> **WORK REQUEST**: Lines before the one containing "Healthy Bagged Snacks" are left out; that line and every line after it, through the end of the records, are to be reproduced exactly.
TASK INPUT Block Start
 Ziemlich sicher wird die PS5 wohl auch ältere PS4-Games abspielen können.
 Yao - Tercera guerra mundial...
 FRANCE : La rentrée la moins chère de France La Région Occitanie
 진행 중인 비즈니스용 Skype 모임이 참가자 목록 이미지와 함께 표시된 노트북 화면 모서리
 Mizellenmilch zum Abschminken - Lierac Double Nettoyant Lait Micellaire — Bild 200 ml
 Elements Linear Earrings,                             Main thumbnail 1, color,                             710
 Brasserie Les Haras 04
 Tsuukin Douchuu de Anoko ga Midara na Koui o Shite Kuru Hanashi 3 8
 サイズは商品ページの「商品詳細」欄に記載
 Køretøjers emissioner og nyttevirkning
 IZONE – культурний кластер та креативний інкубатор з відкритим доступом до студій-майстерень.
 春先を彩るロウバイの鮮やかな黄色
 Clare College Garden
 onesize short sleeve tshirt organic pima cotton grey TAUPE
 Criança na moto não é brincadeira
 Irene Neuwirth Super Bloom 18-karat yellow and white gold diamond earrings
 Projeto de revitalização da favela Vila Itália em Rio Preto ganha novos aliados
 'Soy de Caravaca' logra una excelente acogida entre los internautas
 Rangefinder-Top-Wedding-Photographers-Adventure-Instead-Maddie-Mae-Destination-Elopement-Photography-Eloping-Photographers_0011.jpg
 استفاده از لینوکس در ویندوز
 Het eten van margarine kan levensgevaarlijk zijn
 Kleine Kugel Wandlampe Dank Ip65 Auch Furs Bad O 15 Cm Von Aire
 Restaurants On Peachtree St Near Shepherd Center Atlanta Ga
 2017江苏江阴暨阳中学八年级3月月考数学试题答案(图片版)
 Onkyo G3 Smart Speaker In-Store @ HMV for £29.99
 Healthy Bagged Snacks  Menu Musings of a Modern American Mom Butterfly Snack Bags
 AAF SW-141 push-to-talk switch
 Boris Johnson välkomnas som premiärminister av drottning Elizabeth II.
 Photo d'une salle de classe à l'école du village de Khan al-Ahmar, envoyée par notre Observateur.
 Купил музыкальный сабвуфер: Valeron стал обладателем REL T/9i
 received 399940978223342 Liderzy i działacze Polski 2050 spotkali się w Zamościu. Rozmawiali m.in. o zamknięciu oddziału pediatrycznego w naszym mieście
TASK INPUT Block End
> **REPLY TO THE TASK**:
 Healthy Bagged Snacks  Menu Musings of a Modern American Mom Butterfly Snack Bags
 AAF SW-141 push-to-talk switch
 Boris Johnson välkomnas som premiärminister av drottning Elizabeth II.
 Photo d'une salle de classe à l'école du village de Khan al-Ahmar, envoyée par notre Observateur.
 Купил музыкальный сабвуфер: Valeron стал обладателем REL T/9i
 received 399940978223342 Liderzy i działacze Polski 2050 spotkali się w Zamościu. Rozmawiali m.in. o zamknięciu oddziału pediatrycznego w naszym mieście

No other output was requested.